Table d'hote is the feature of San Francisco's restaurant life. It is
the ideal method for those who wish a good dinner and who have not the
inclination, or the knowledge, to order a special dinner. It is also the
least expensive way of getting a good dinner. It also saves an
exhibition of ignorance regarding the dishes, for if you are in doubt
all you have to do is to leave it to the waiter, and he will bring the
best there is on the day's menu and will serve it properly.

It is really something to elicit wonder when one considers the
possibilities of a table d'hote dinner in some of the less expensive
restaurants. Take, for instance, the Buon Gusto, in Broadway. This
restaurant boasts a good chef, and the food is the finest the market
affords.
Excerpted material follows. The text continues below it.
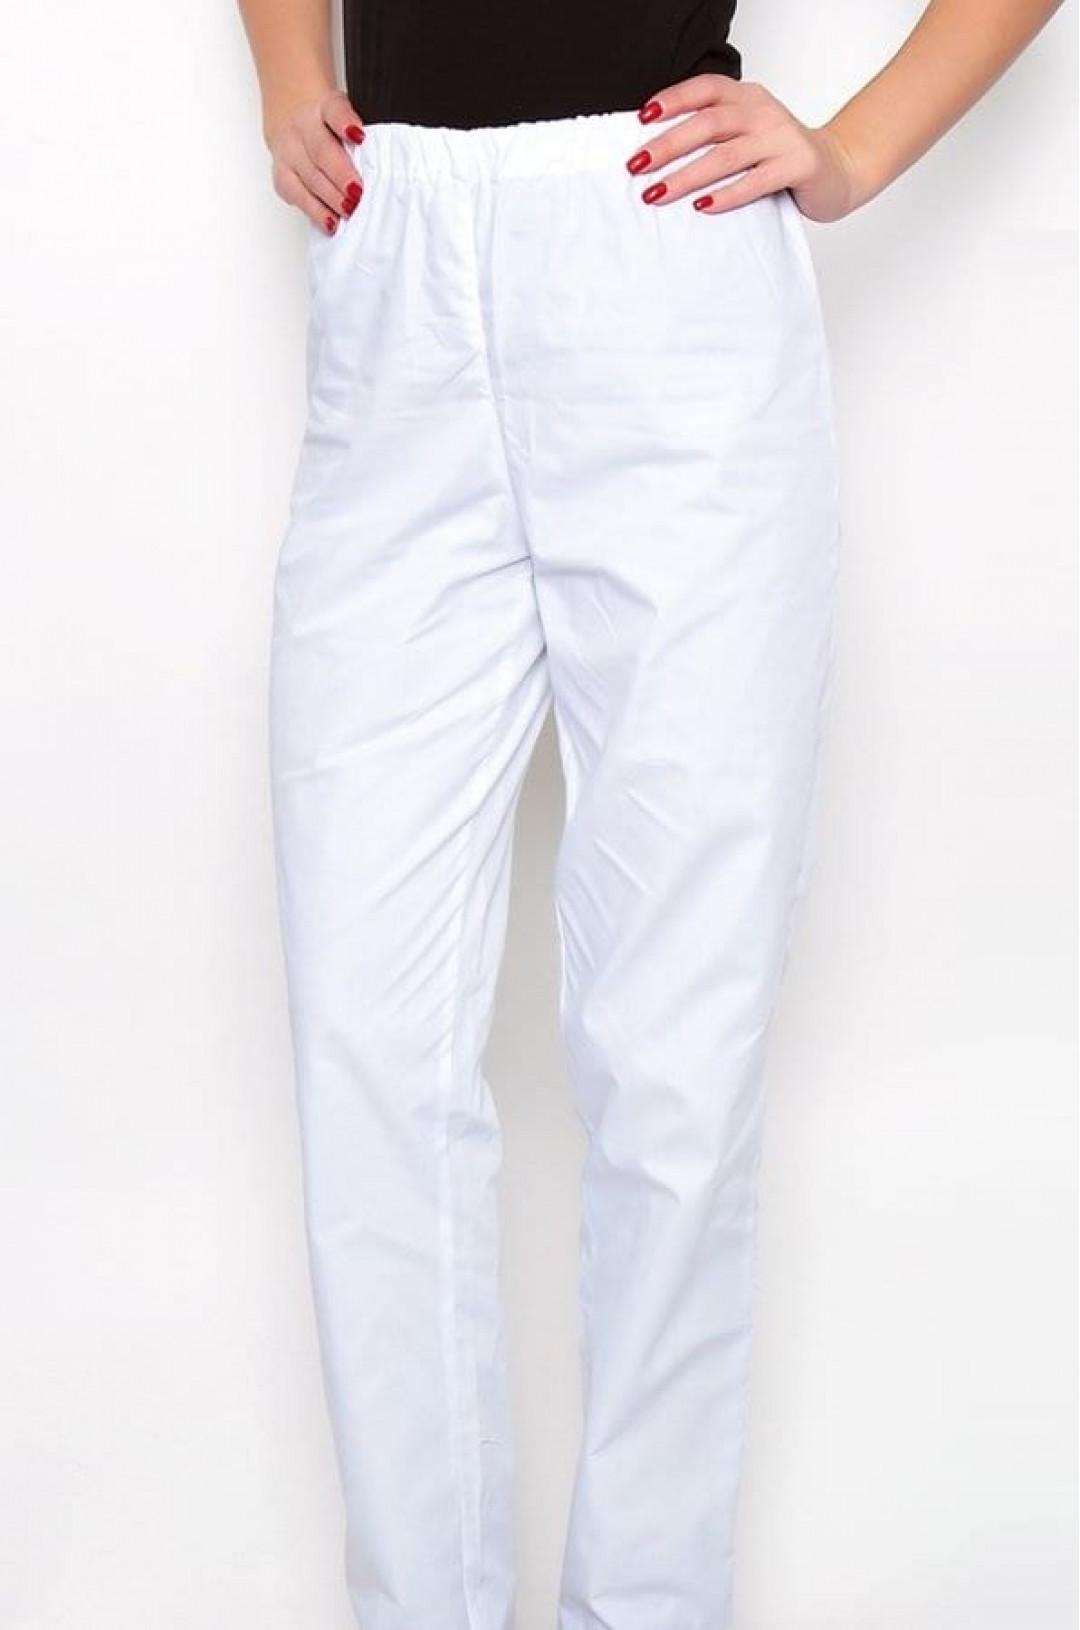 Брюки медицинские женские М-301 (белый, тиси)
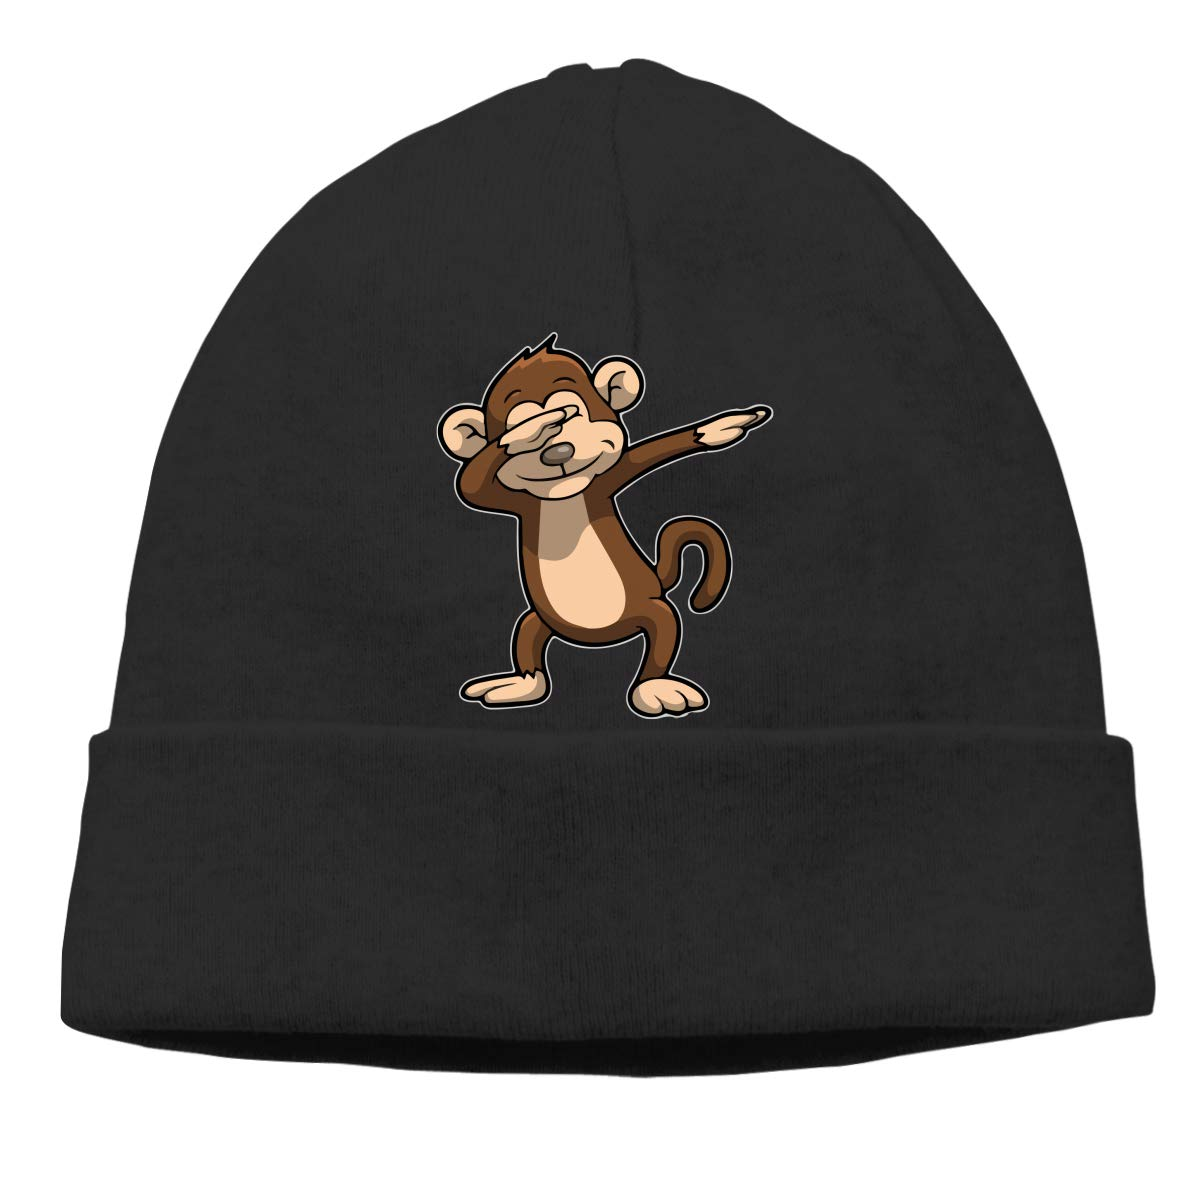 GDSG5/&4 Funny Monkey Men//Women Helmet Liner Cycling Skull Cap

Here is served a six course dinner for fifty cents, and the
menu card is typical of this class of restaurants. What is provided is
shown by the following taken from the bill of fare as it was served us:

Hor d'ouvres--four kinds; five kinds of salad; two kinds of soup; seven
kinds of fish; four kinds of paste; broiled spring chicken; green salad
with French dressing; ice cream or rum omelet; mixed fruits; demi tasse.

With this is served a pint of good table wine.

As one goes up with the scale of prices in the restaurants that charge
$1, $1.25, $1.50, $2, $2.50, and $3 for their dinners it will be found
that the difference lies chiefly in the variety from which to choose and
from the surroundings and service.

Take, for example, the following typical menu for a dollar dinner,
served at the Fior d'Italia, and compare it with the fifty-cent dinner
just mentioned:

Salami and anchovies; salad; chicken broth with Italian paste; fillet of
English sole, sauce tartare; spaghetti or ravioli; escallop of veal,
caper sauce; French peas with butter; roast chicken with chiffon salad;
ice cream or fried cream; assorted fruits and cakes; demi tasse. Wine
with this dinner is extra.

Now going a step up in the scale we come to the $1.50 dinner as follows:

Anchovies, salami (note that it is the same as above); combination
salad; tortellini di Bologna soup; striped bass a la Livornaise; ravioli
a la Genoese and spaghetti with mushrooms; chicken saute, Italian style,
with green peas; squab with lettuce; zabaione; fruit; cheese; coffee.
Wine is extra.

Let us now look at the menu of the $3.50 dinner, without wine:

Pate 'de foie gras--truffles on toast; salad; olives; Alice Fallstaff;
Italian ham "Prosciutto;" soup--semino Italiani with Brodo de Cappone;
pompano a la papillote; tortellini with fungi a funghetto; fritto misto;
spring chicken saute; Carcioffi all'Inferno; Capretto al Forno con
Insallata; omelet Celestine; fruit; cheese, and black coffee.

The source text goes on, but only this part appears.